In 2015 Fendi’s Headquarters became a testament to their ethos. After a careful and expensive restoration project, Fendi moved into the Palazzo Della Civilta Italiana in Rome. Commissioned by Mussolini during World War Two as an exhibition space, the six-floor structure nicknamed ‘The Square Colosseum’ is a masterpiece of modernist architecture, and reportedly costs an annual fee of $2.8 million euros to occupy the space. It conveys solidity, innovation and classic Roman principles, much like the brand itself.
A Century of Fendi
Fendi is almost at the 100-year mark since the iconic brand’s establishment, but is yet to show its age and refuses to back down from major creative challenges. In 2007, Fendi saw months of meticulous planning that accumulated in 89 models walking down a runway visible from the moon on the Great Wall of China. Fendi’s Spring/Summer 2008 campaign was a significant and highly acclaimed campaign. Outside the collection itself, the exceptional spectacle is remembered as the largest runway show in history.
French luxury goods group LVMH bought over Fendi in 2001 and in September 2020, English designer Kim Jones took over the role of Artistic Director of Fendi’s women’s collection, formerly occupied by Lagerfeld. Despite this, the brand remains solid and family run.
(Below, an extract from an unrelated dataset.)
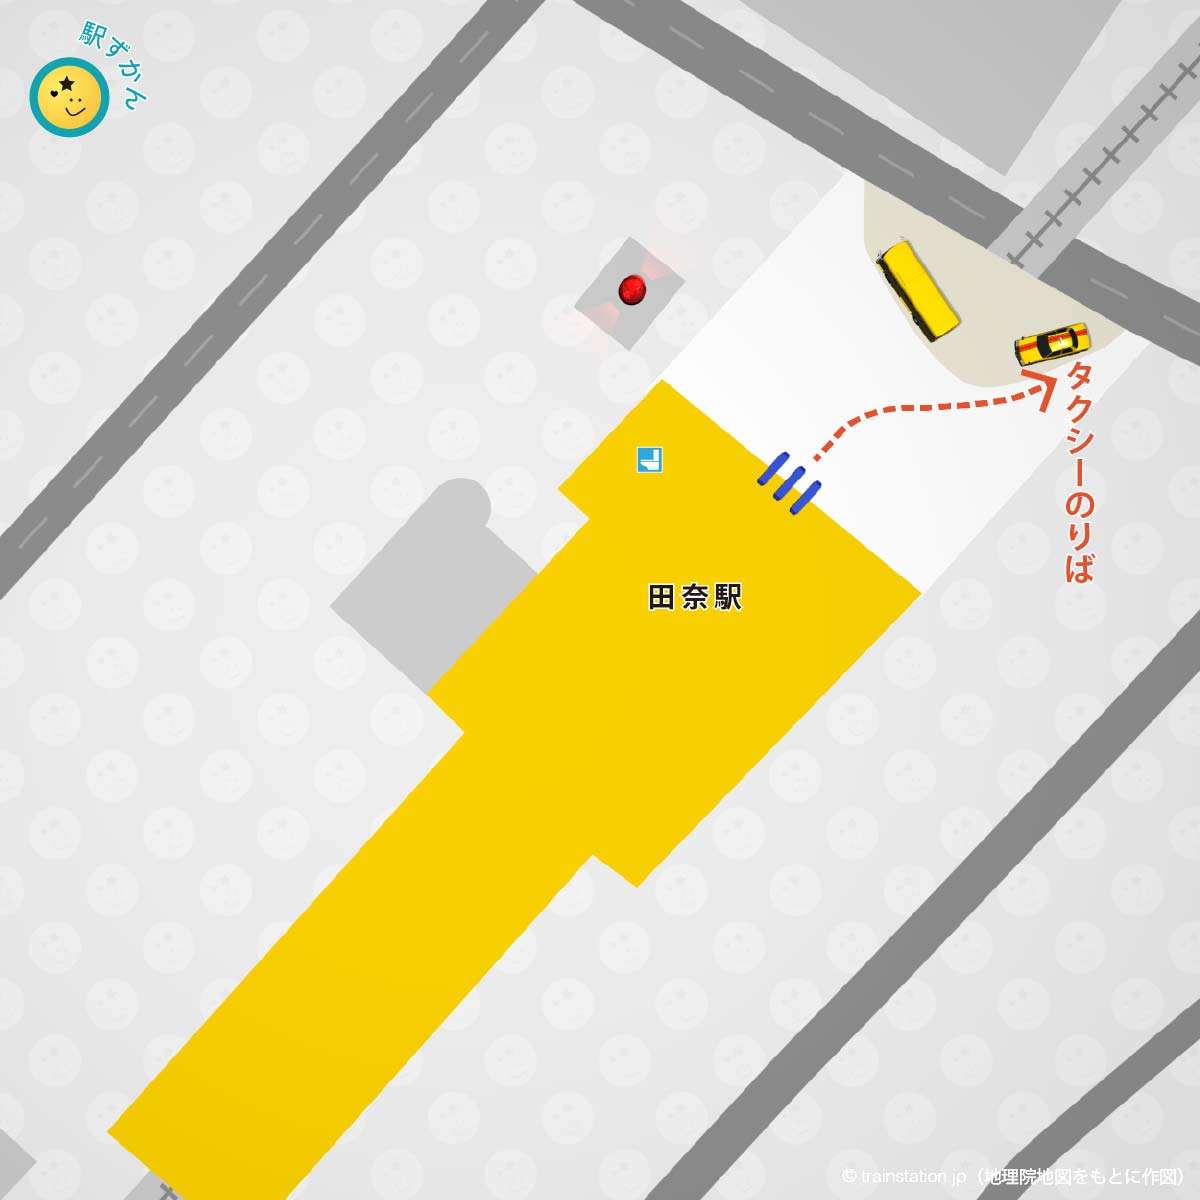 田奈駅タクシー乗り場マップ

Today Fendi is known as the mark of ultimate luxury, with collections that have expanded to include Menswear, iconic accessories, exquisite ready-to-wear and Haute Couture collections with over 1 billion euro (1.2 billion US Dollars) in annual sales. Yet at its core, Fendi remains wedded to the values which have navigated the brand through fashion’s eras for almost a century – tradition, unparalleled handmade craftsmanship, and innovation. It’s what keeps them current and sets them apart, ensuring Fendi will remain in the fashion lexicon for another hundred years.